Oh Florida. A Tampa woman manipulated herself to make it look like she now has three, count ’em, THREE boobs that she supposedly paid $20,000 for to have a third funbag surgically implanted on her chest all in a quest to have her own reality show on MTV. You know, the Music Television channel that doesn’t play any music. Whatever happened to the usual path of, like, joining to college to get a degree in journalism/communications, paying your dues at a network, then earning the right through skilled talent to have your own show? Yeah, that was soooo last generation cause it makes too much sense. Rhode Island makes its dubious debut here on the blog when a 53 year-old sot set the modern-day record of getting DUI’d FOUR times in four DIFFERENT vehicles over a 30-hour period. On a Monday morning when most of us were fueling up on caffeine, this grunt blew a .22 for a cop. And, hey, did you know that Europe beat the U.S. in the Ryder Cup? Yeah, not one f*ck was given that day.
Hey get this, gang,– a blog that proclaims itself to be an “independent” and has “Washington wine” in its name no longer posts reviews of wines from Washington! How much of a moron must one be to not figure out this wank of an author is (1) not independent, but very cozy with industry insiders who ultimately control the content of said wine blog; and (2) think about it… a Washington wine blog that doesn’t review Washington wines. What a twat. We have said this before: the readers there are the fools for thinking they were getting an honest, untainted look into the glorious wines of Washington State. They finally figured out they were really reading a cheap PR stunt of the featured wineries making themselves look good in exchange for cases of free wine. Trick or treat, wine drinkers!

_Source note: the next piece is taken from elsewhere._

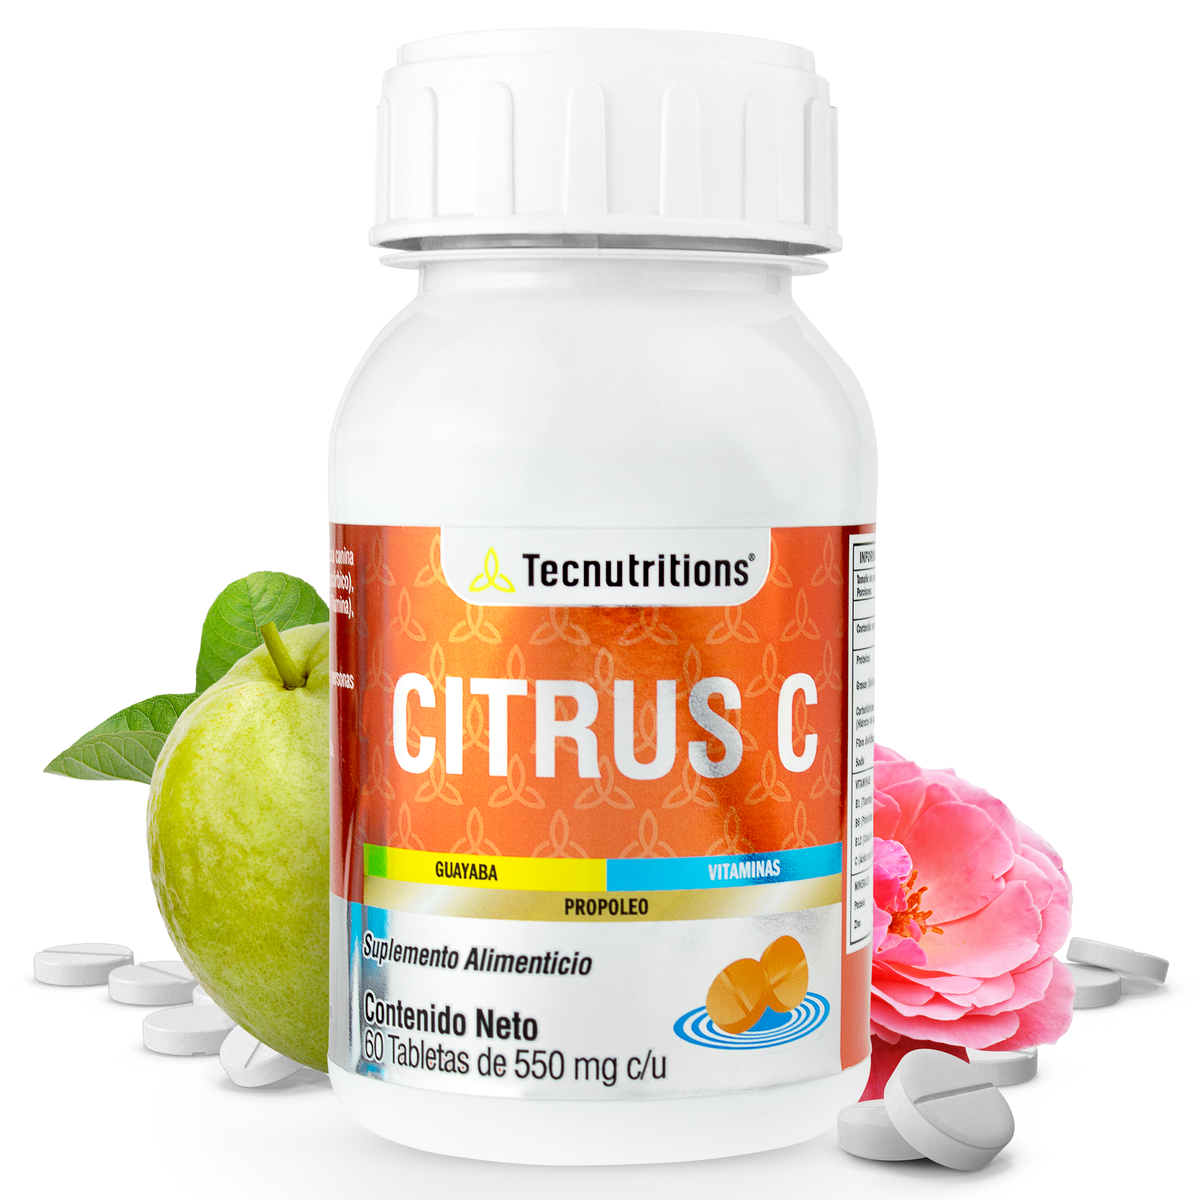 Suplemento alimenticio Citrus C, 60 tabs, con vitamina c, zinc, propóleo, sistema inmune
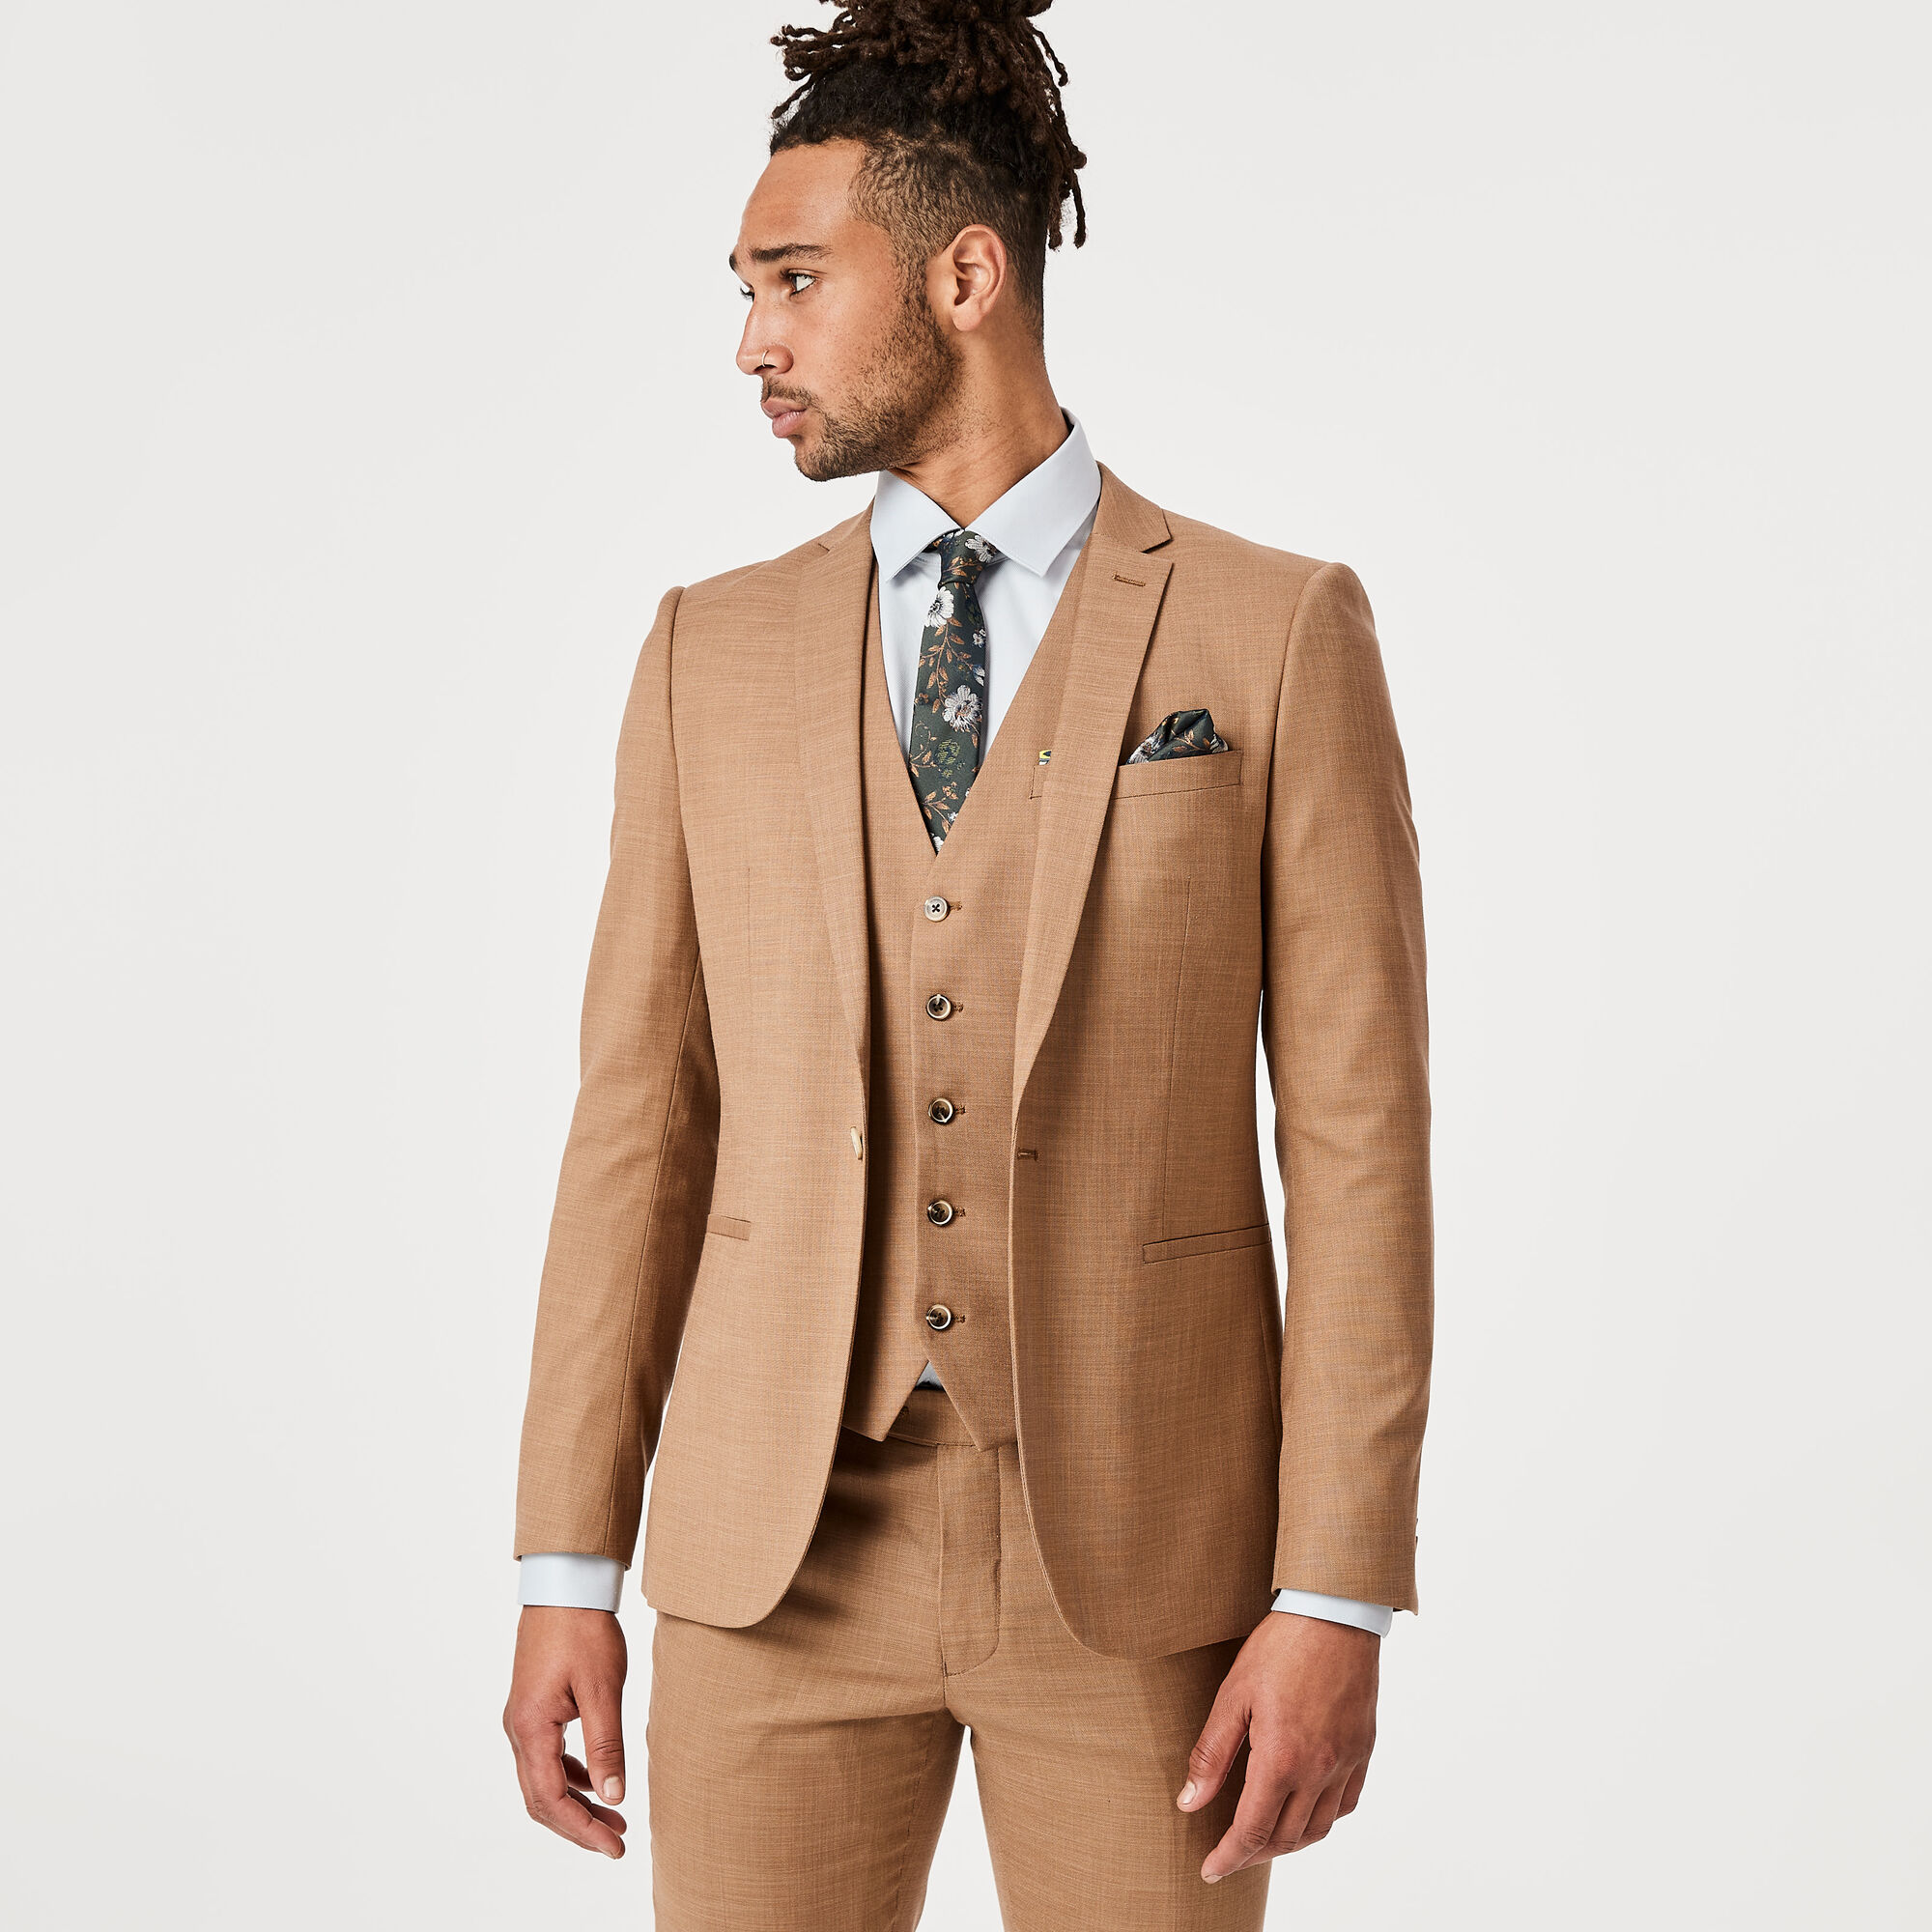 Alvi Suit Jacket - Camel - Ultra Slim Tailored Jacket Notched | Suit Jackets  | Politix

Where did we get all these weirdass blends lately? Perusing the tasting rooms and markets, there are some scratch-your-head combinations that make no sense. I never gave thought to much of these besides their value as a shock-marketing tool. Sure, blends originated long ago from the great chateaus that basically did a field blend, harvesting grapes regardless of their varietal when the clusters were ripe. The most famous example is the “Bordeaux” blends of France, utilizing up to six prime varietals for red wines, as required by their appellation’s restrictions. Other wine laws allow anywhere from 15% to 25% blending while still being allowed to be labeled by the major varietal’s name. This type of allowable blending is intended to develop more pleasing characteristics that a 100% varietal cannot display. Whether it be a deeper color (vision), more complex bouquet (smell), or flavors (taste), these blends were intended to impress the end-consumer and either charge more or prove that any leftovers at the winery could still boast a superior profile. Regardless, a blended wine has many origins; sometimes, it is made out of necessity or created to improve upon a varietal.
Then, there’s the consumer’s version of blending. Picture this, you’re at the dinner with friends and the last drops in the bottle are insufficient to completely fill your glass. The next bottle the host brings out is another type of wine. What do you do? Well, if you’re a true explorer of wine, you do what I do– fill ‘er up, Gaston! That’s how you discover that a pinot gris and sauvignon blanc synergistically do better than the individual components when paired with sushi. Or, add a dash of a earthy, peppery mourvedre into a glass of tempranillo and it stokes a pleasing fire with a fresh platter of paella. Or, cross it up and make your own satisfying blend of viognier and syrah. Pinot grigio with merlot. Sangiovese with a splash of dry riesling. They don’t always work, but at least you will know.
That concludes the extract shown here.